In fact, M&S has reduced the prices of around 2,400 lines since January 2016 and launched new, cheaper products. As a result, the proportion of 'good' or entry price point sales have increased by 3% with the proportion in womenswear almost doubling to 15%.
This value proposition is what helped the retailer rein-in promotions last year with three fewer clearance sales and the removal of “unproductive” promotions such as Black Friday category deals. And it has also focused on getting customers who will spend heavily to have M&S on their shopping lists at all times. On this front, its Sparks membership/loyalty programme now has 5.6m members and it is seeing increased frequency of purchase among them.
Online has been a focus too and M&S.com revenues increased by 4.9% in the last year, with online sales penetration increasing to 17%. Performance was impacted by the removal of eight cyber events compared with the prior year but sales growth improved in the second half.
Customer service has also been at the forefront of its thinking. The company said it delivered better customer service through a focus on operational processes at its Castle Donington warehouse. And it invested in service in the areas its customers “most appreciate” such as fitting rooms, men's tailoring and till points.
The result? Customer satisfaction scores improved by 5% points compared with last year. Although the overall Net Promoter Score (NPS) for Clothing & Home was broadly level, it was encouraged by a significant improvement in the rating from its most frequent customers and those in its larger stores, “suggesting customers are noticing and liking the changes we have made.”

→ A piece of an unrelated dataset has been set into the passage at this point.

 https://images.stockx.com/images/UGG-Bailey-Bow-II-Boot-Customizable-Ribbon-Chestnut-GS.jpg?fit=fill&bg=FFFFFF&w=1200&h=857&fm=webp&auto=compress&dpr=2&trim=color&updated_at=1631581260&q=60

That all helped the Clothing & Home gross margin to be ahead of expectations, up around105bps year-on-year as mentioned earlier. Buying margin increased by 100bps despite currency headwinds as it continued to deliver benefits from leveraging its direct sourcing capabilities through re-tendering orders, and by moving business to lower duty locations. Reduced discounting benefitted margin by around 5bps on the year with an 110bps improvement in the second half, as a result of lower stock into sale and better sell-through rates.
The company said Wednesday that it believe the changes it has made are “particularly relevant in the context of a clothing market which declined in 2016/17, and where the outlook remains uncertain.”

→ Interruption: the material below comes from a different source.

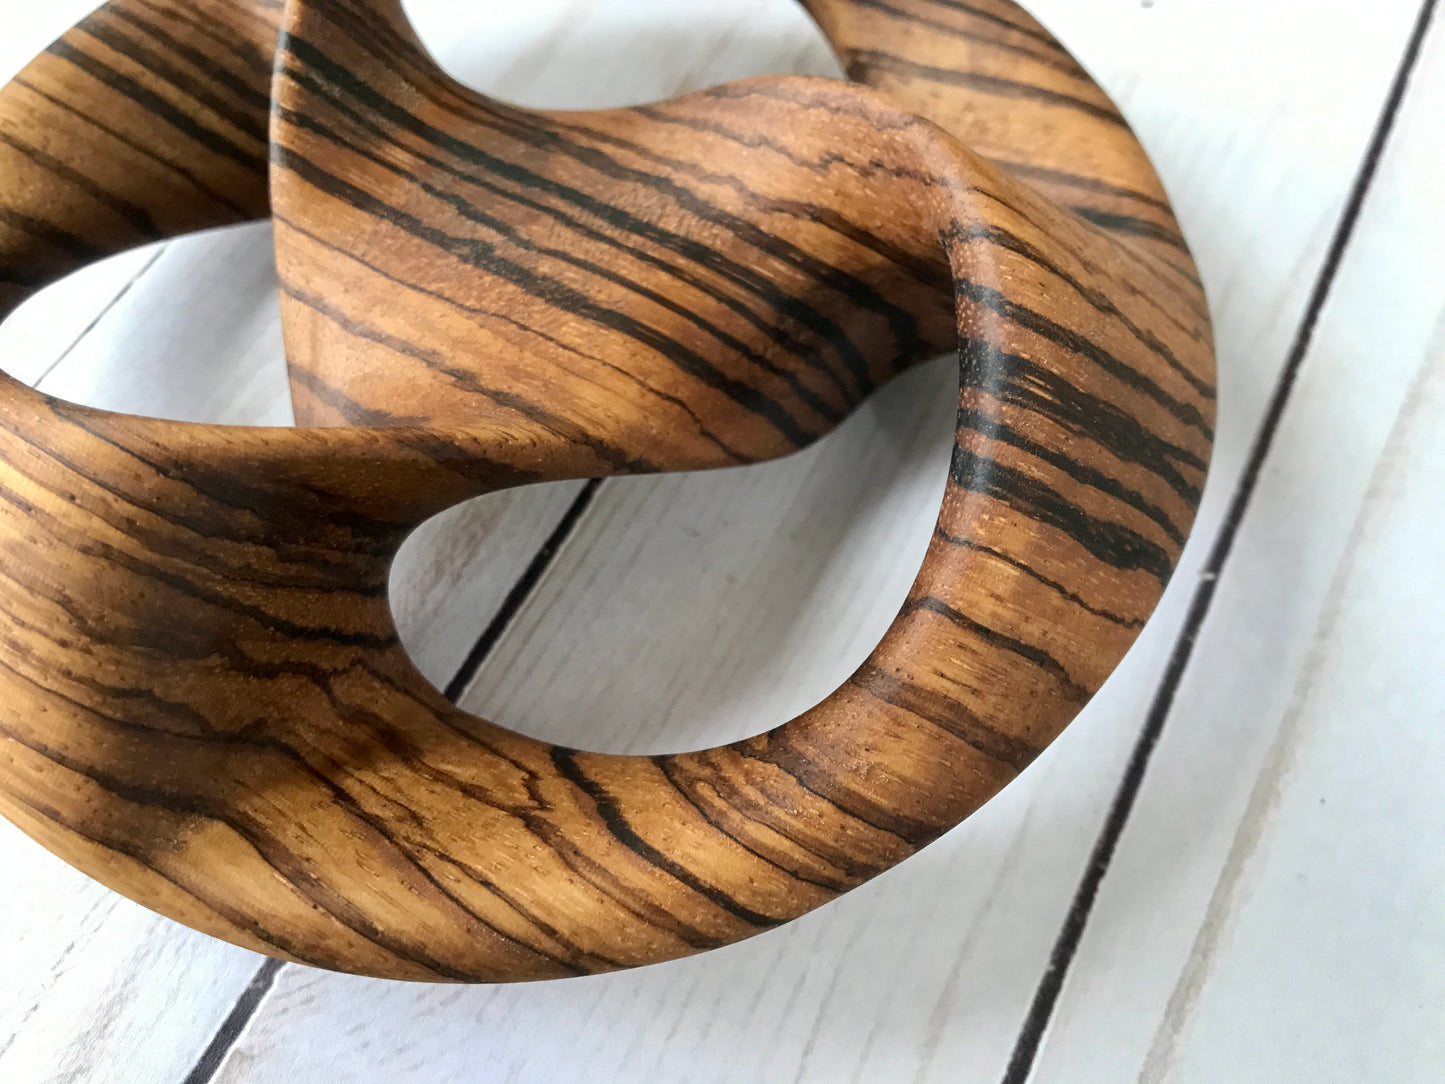 Triquetra Mobius Strip-like Wooden Sculpture, ZebraWood, 5"

So does that mean its work is just about done? Not really. “Further improvements to style and fit will remain core to our strategy,” Steve Rowe said. “In addition, having made a significant investment in price, we will ensure our prices remain competitive while continuing to reduce the number of promotions and clearance sales.”
He also said the company is focused on improving customer experience across its channels. In its smaller stores, in direct response to customer feedback, it is “introducing a greater level of product choice” and overall it is “beginning to rebalance our space towards potential areas of future growth such as Kidswear and Home having completed successful trials.”
It continues to invest to make the online customer journey faster with a particular focus on mobile and “will build on the success of our Sparks programme, with greater levels of personalisation in our offer in the year ahead.”
So will this all pay off as the new finical year continues? That’s not yet clear. In Clothing & Home, the company is expecting a space decline of up to 2%, weighted towards the end of the year and the gross margin to be anywhere from 25 basis points up to 25 down “as we seek to mitigate currency headwinds with better buying and a further reduction in discounting.” Watch this space.